Naarmate de oorlog duurde nam de activiteit van het gewapende verzet in de streek toe, terwijl intussen het kwalijke gerucht ging dat in het kasteel munitie was opgeslagen… Begin augustus 1944 kwam het zelfs tot gevechten tussen een verzetsgroep en de rijkswachters. Daarbij vielen gewonden, waaronder Bouchery zelf. Als gevolg daarvan werden de kunstwerken kort daarop, nauwelijks een paar weken voor de bevrijding van België, bijna hals over kop op bevel van Monumentenzorg geëvacueerd. Enkele werken raakten tijdens het transport beschadigd door een luchtaanval.

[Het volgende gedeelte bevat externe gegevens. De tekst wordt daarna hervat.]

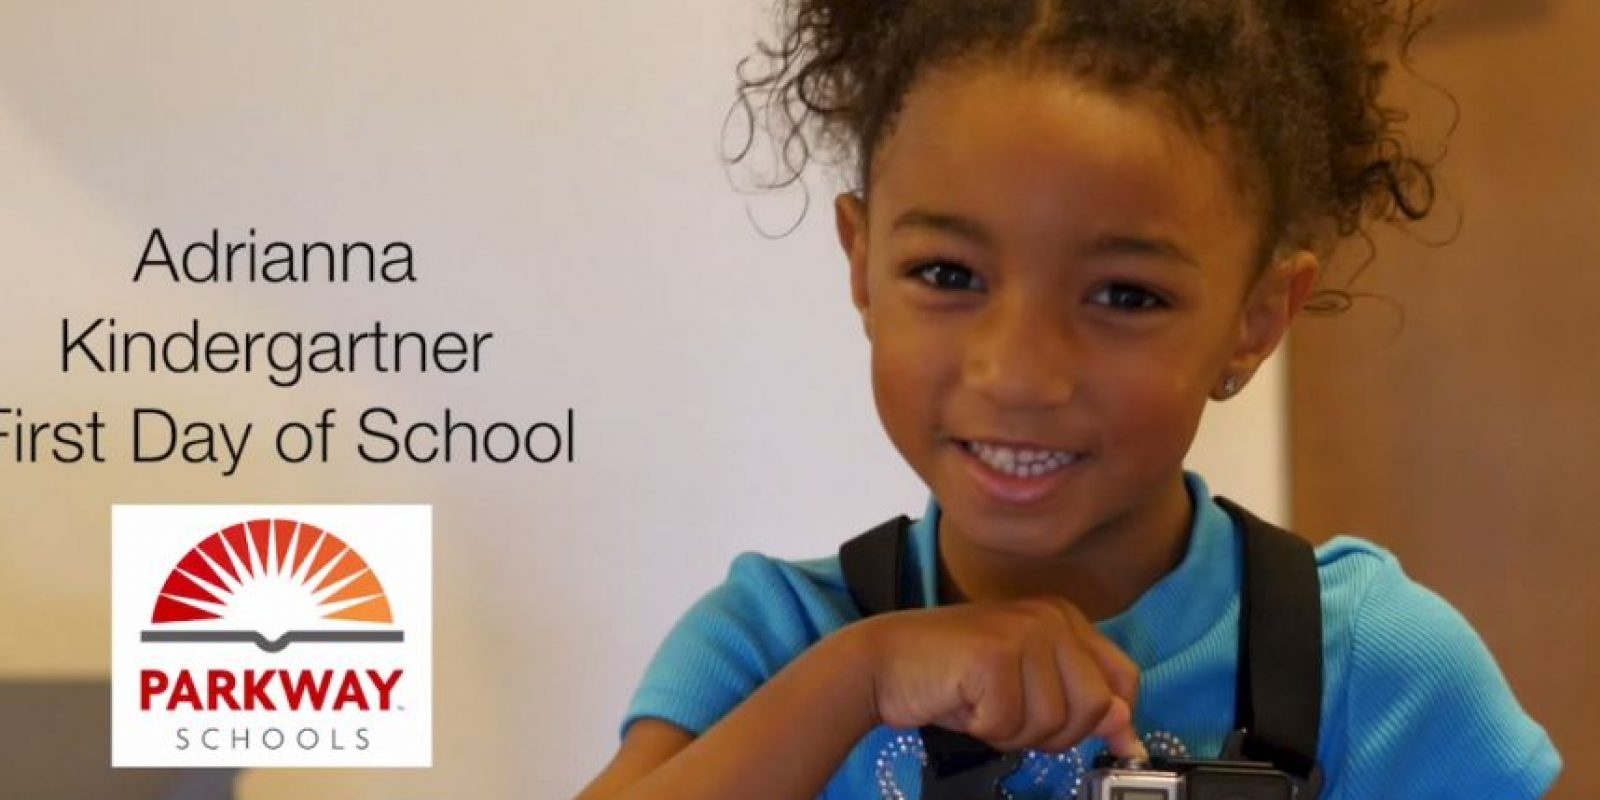 El proyecto nos recuerda los días de la infancia Foto:Parkway Schools

De bevrijding betekende niet meteen het einde van de gevaren voor het erfgoed. De zwaarste klap viel pas daarna. Bij de allereerste inslag van een V2-raket op Antwerpen, op 13 oktober 1944, waarbij 32 doden vielen, liep het Koninklijk Museum voor Schone Kunsten zware schade op. De meeste kunstwerken zaten nog altijd in de kelders maar “in de roes van de bevrijding” waren een vijftigtal schilderijen bovengehaald voor een tentoonstelling. Vele daarvan werden beschadigd (waaronder een werk van Ensor), enkele zelfs vernietigd. Maar de schat van Lavaux lag toen veilig in Brusselse bankkluizen.
Bronmateriaal
De belevenissen van deze ongewone schat en de kunsthistoricus die ervoor moest instaan, worden door Bert Govaerts verteld op een levendige, niet van humor gespeende wijze. Hij kon gebruik maken van het logboek waarin Bouchery dagelijks alles noteerde wat te maken had met zijn opdracht in Lavaux, en op de talrijke correspondentie die hij met de diverse autoriteiten moest voeren. Bovendien zijn er van het hele gebeuren in en rond het kasteel heel wat foto’s gemaakt, zodat het boek rijk geïllustreerd is. Als toemaatje geeft de auteur tussendoor ook nog een beschrijving van het culturele leven in Antwerpen onder de bezetting.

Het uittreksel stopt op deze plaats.